Untitled, 1966 (drawing for The Party, first published by Paragraphic Books, Grossman Publishers, New York), ink and ink wash on paper, 18″ x 18″. Collection Musée Tomi Ungerer/Centre international de l’Illustration, Strasbourg. © Tomi Ungerer/Diogenes Verlag AG, Zürich. Photo courtesy Musées de la Ville de Strasbourg/Mathieu Bertola.
While working professionally in these PG-rated circles, he remained a deeply political artist, self-publishing bold posters against the Vietnam War, a book of harsh satire called The Underground Sketchbook, and sadomasochistic erotic drawings. But upon discovering his erotic work, the children’s-book community was scandalized. His books were removed from public libraries and his reputation tarnished. Dejected and unable to find work, he left New York in 1971, moving to Nova Scotia with his wife before finding a permanent home in Cork, Ireland.

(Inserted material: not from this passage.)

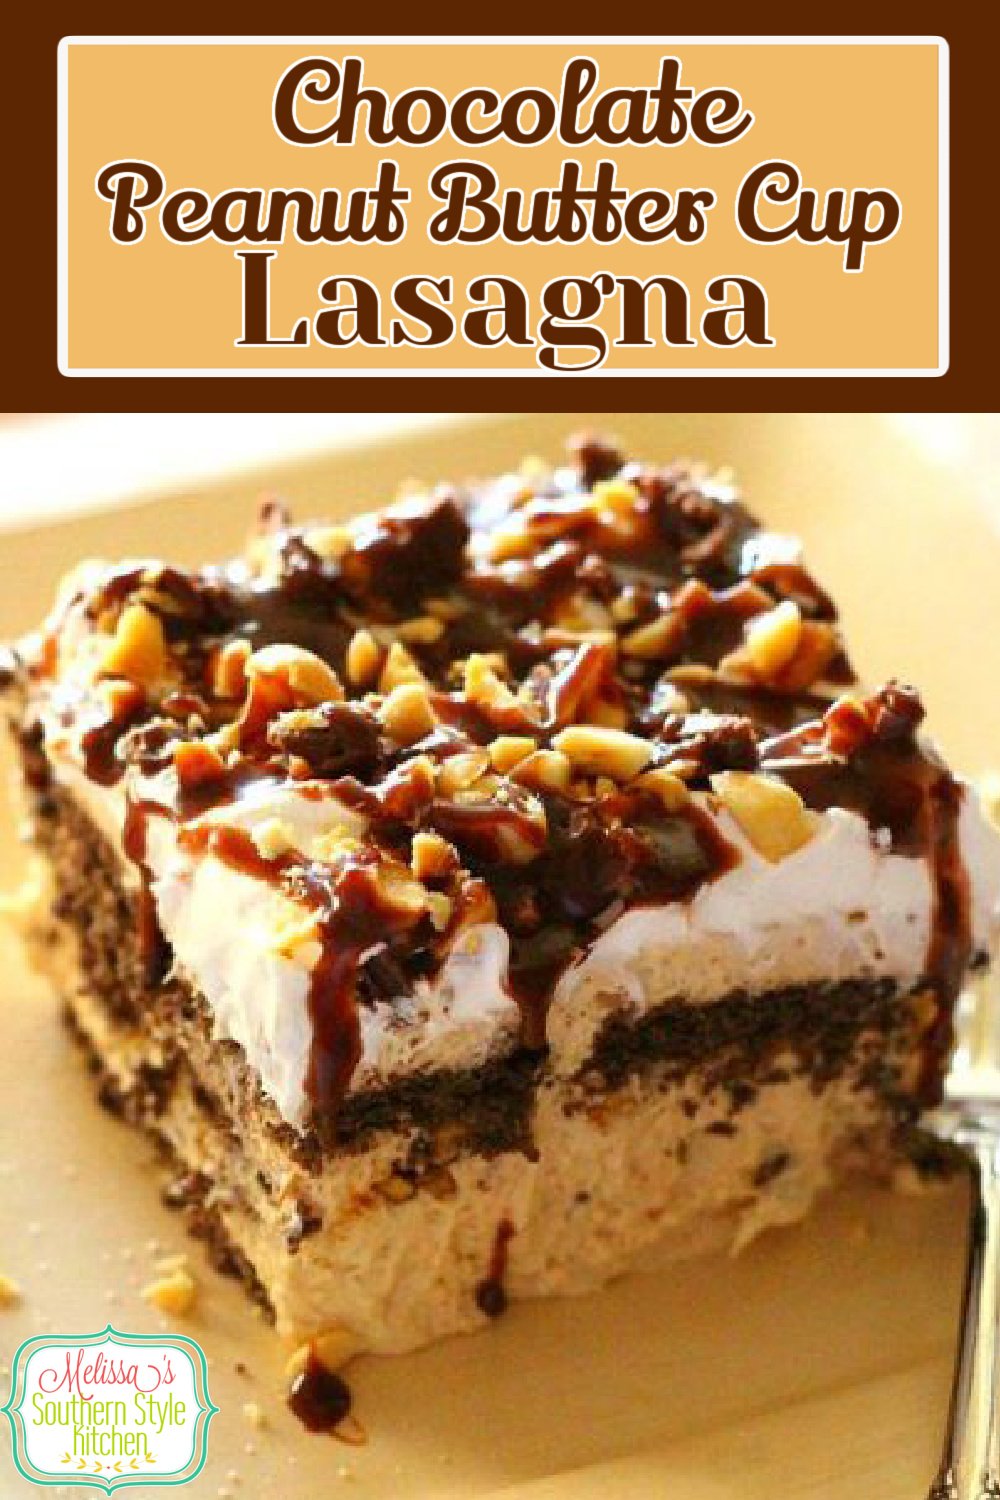 You'll be the dessert hero when you serve this Chocolate Peanut Butter Cup Lasagna for dessert! #peanutbuttercups #chocolate #chocolatelasagna #Reeses #lasagnarecipes #dessertlasagna #peanutbutter #desserts #dessertfoodrecipes #peanutbuttermousse #holidaydesserts #southernfood #southernrecipes

This defection cost Ungerer the renown he deserves. It wasn’t until 1998 that he received the Hans Christian Andersen Award, the highest achievement for children’s-book authors, and a sign of the recent reappraisal of his career. Recent years have seen reissues of his children’s books in English and a large catalogue of his erotic drawings. In Strasbourg, he has a museum dedicated to his work, and in 2012, his life was the subject of a documentary film.
Untitled, 1999 (drawing for Otto: The Autobiography of a Teddy Bear, first published by Diogenes Verlag AG, Zürich), pencil and ink wash on paper, 12″ x 16″. Collection: Musée Tomi Ungerer/Centre international de l’Illustration, Strasbourg. © Tomi Ungerer/Diogenes Verlag AG, Zürich. Photo courtesy Musées de la Ville de Strasbourg/Mathieu Bertola.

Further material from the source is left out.